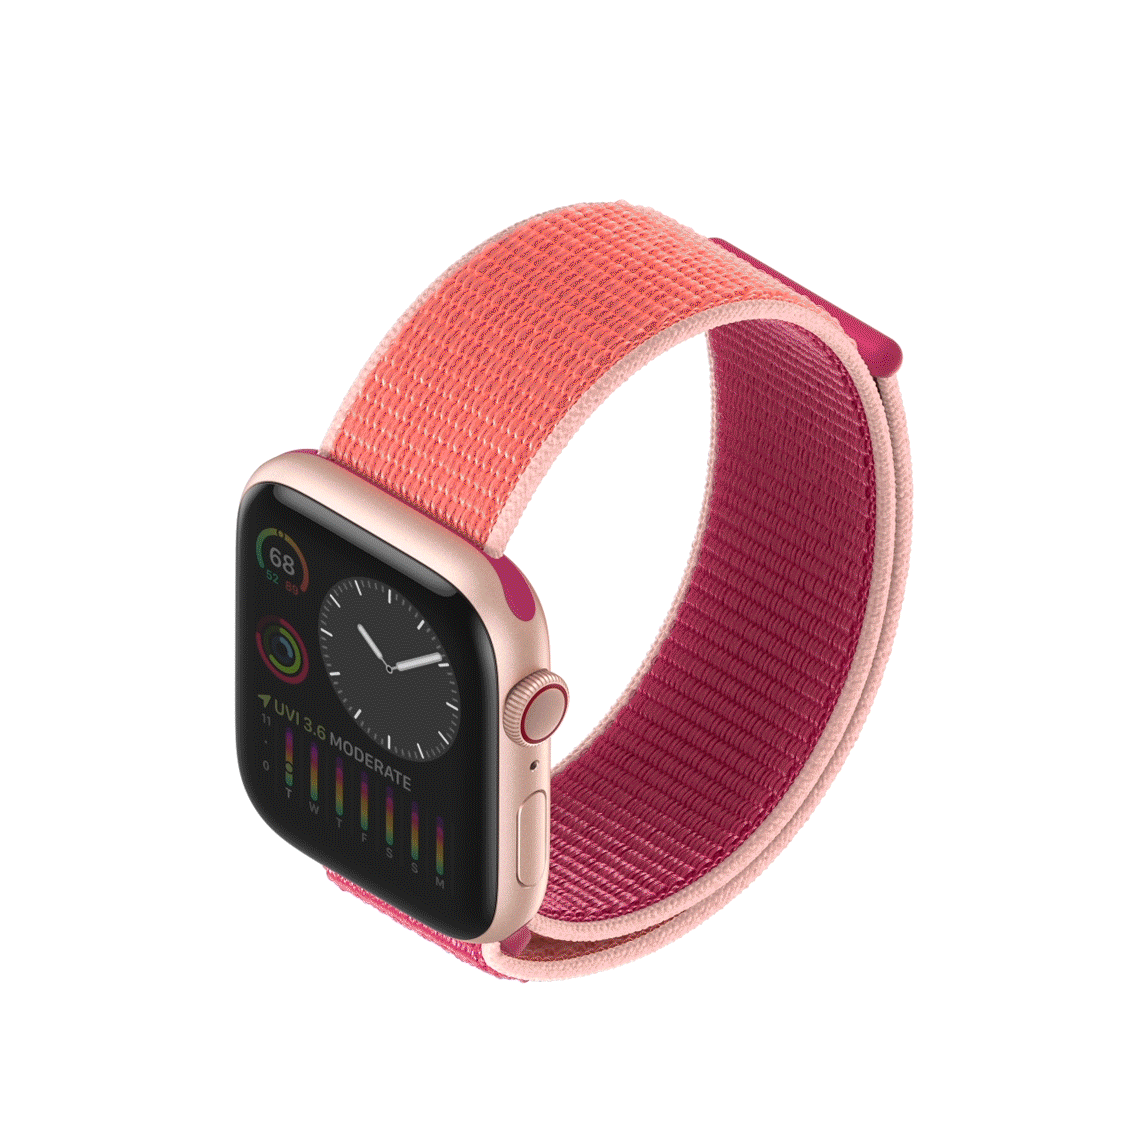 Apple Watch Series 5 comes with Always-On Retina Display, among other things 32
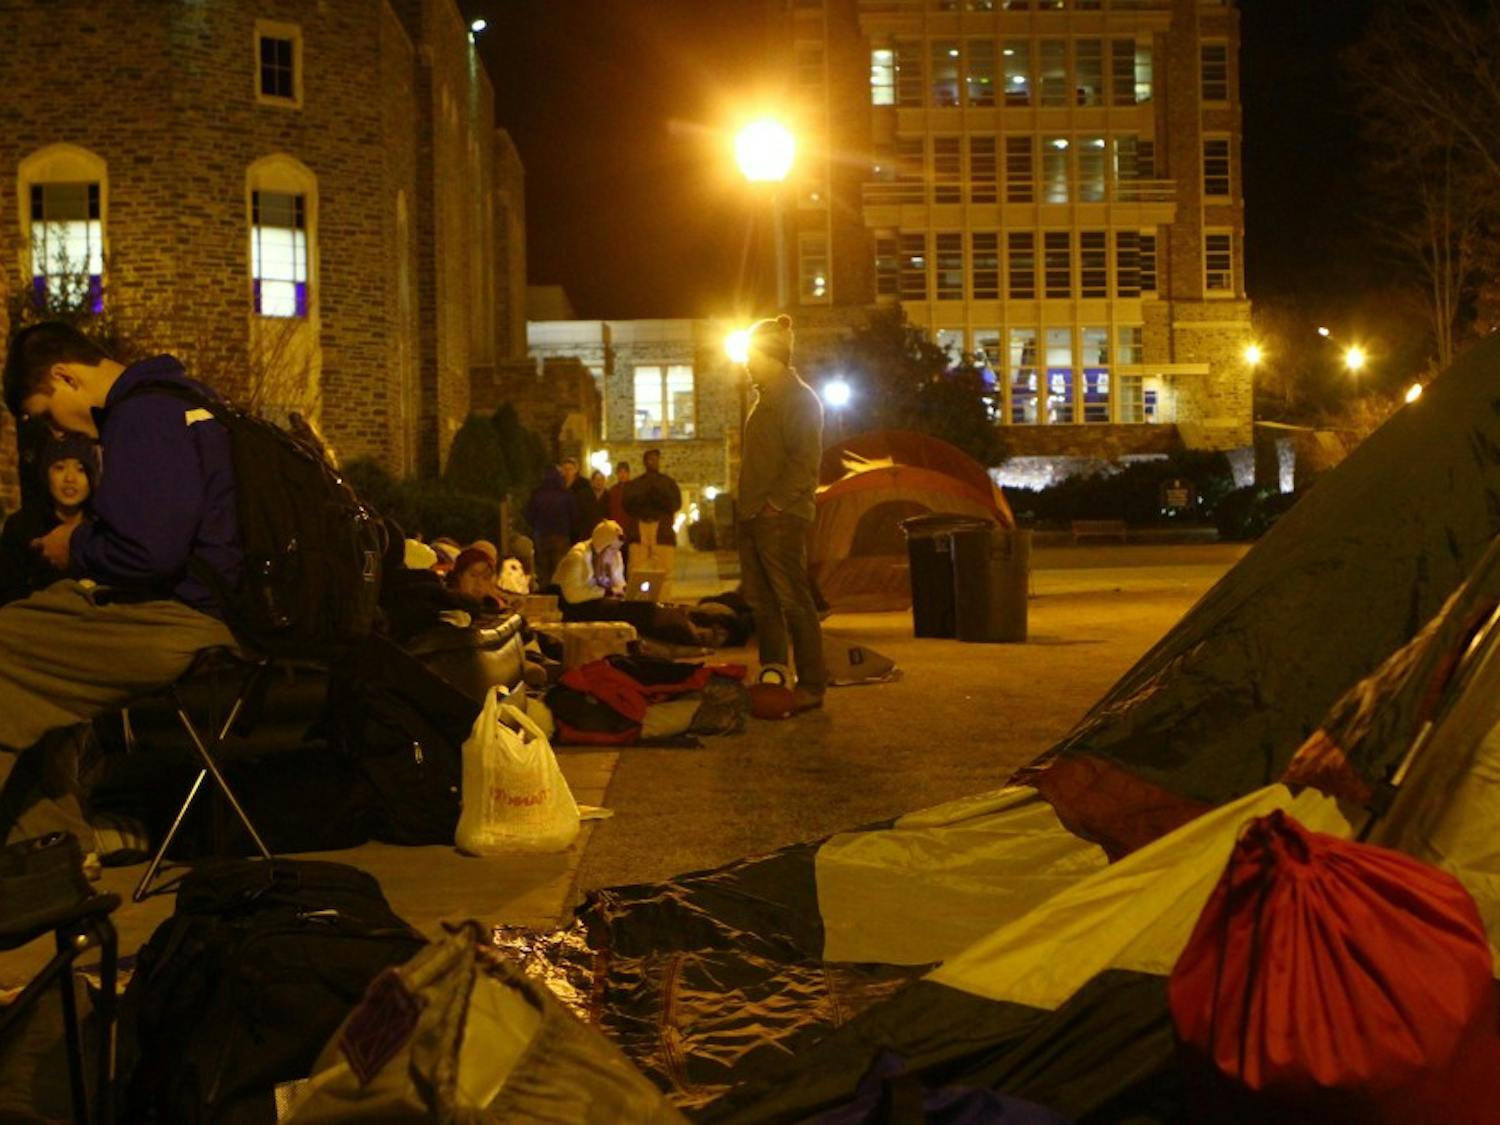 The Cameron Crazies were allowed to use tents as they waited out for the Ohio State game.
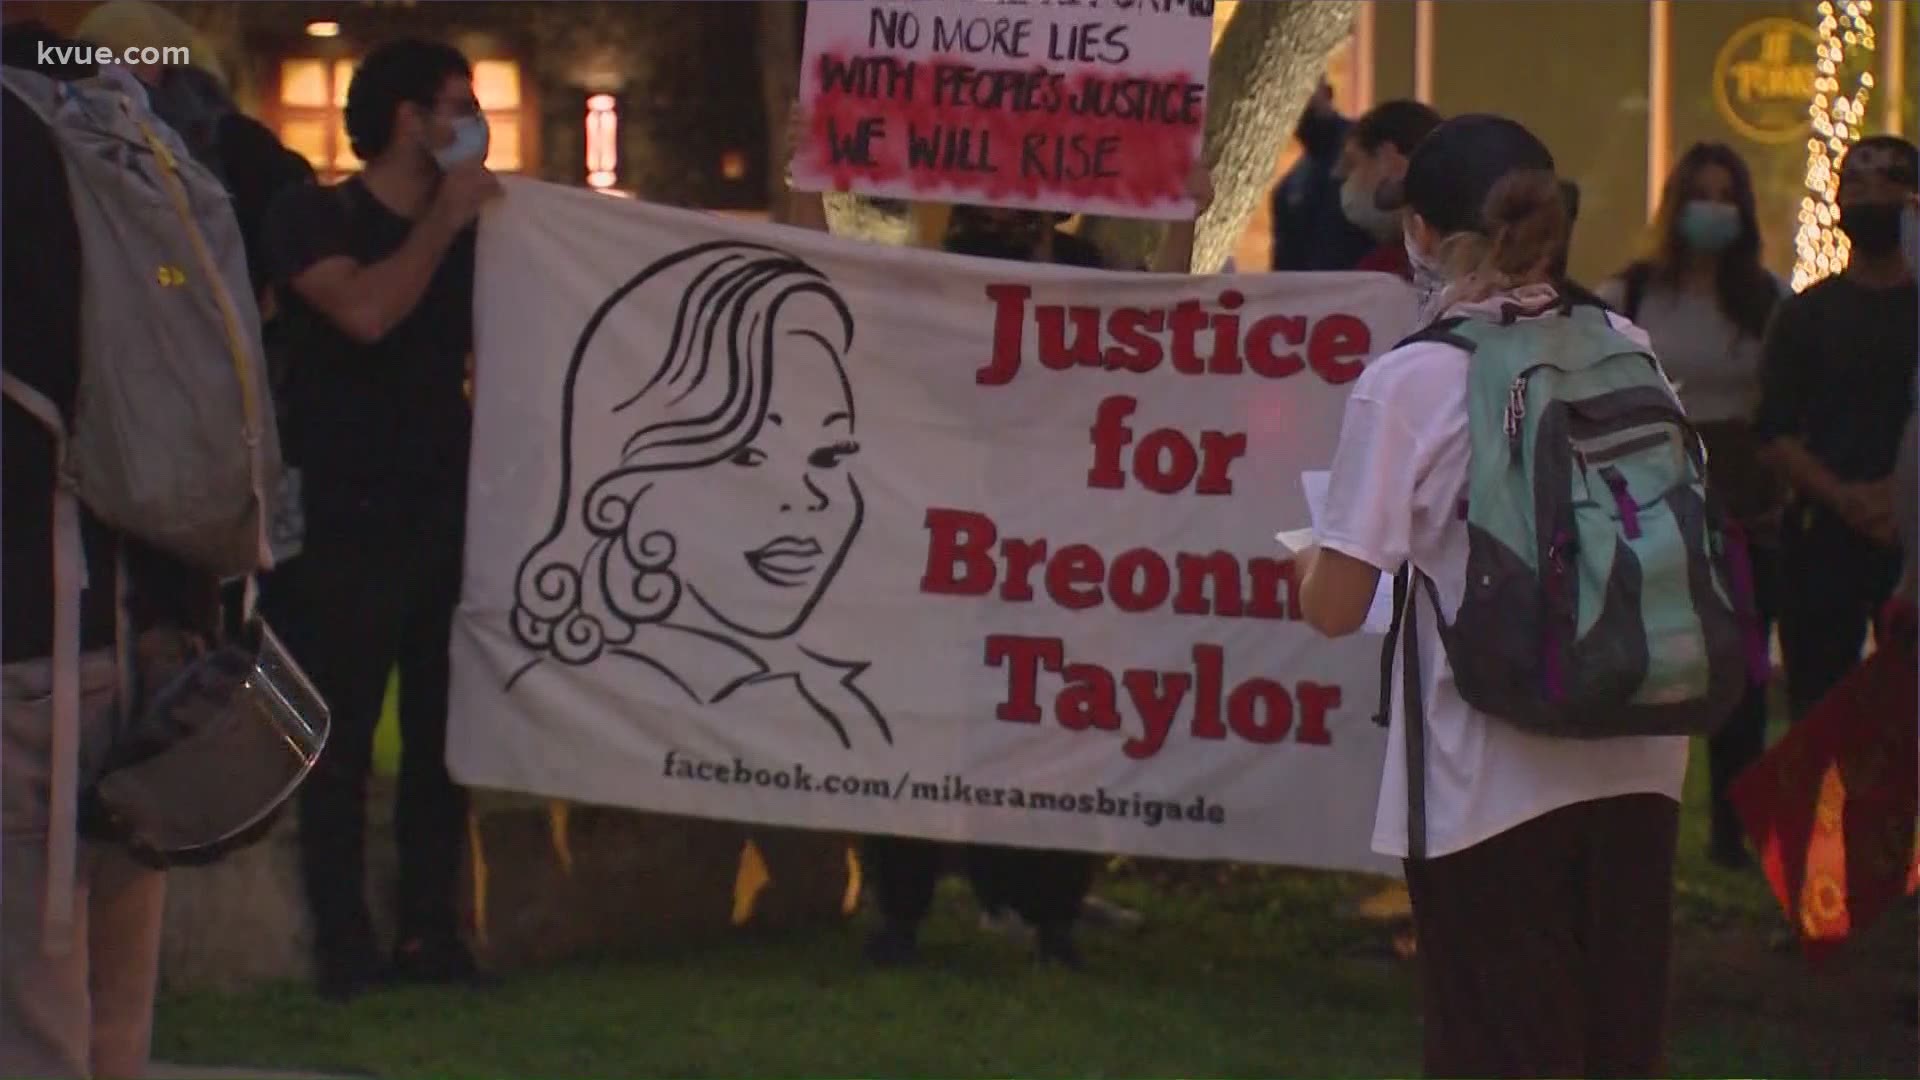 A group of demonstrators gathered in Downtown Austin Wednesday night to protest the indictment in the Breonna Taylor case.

# EXERCISE BRIEF:
The copy must match every line of the data exactly and contain no pictures.

# ANSWER BOX:
 Apple Watch Series 5 comes with Always-On Retina Display, among other things 32
 The Cameron Crazies were allowed to use tents as they waited out for the Ohio State game.
 A group of demonstrators gathered in Downtown Austin Wednesday night to protest the indictment in the Breonna Taylor case.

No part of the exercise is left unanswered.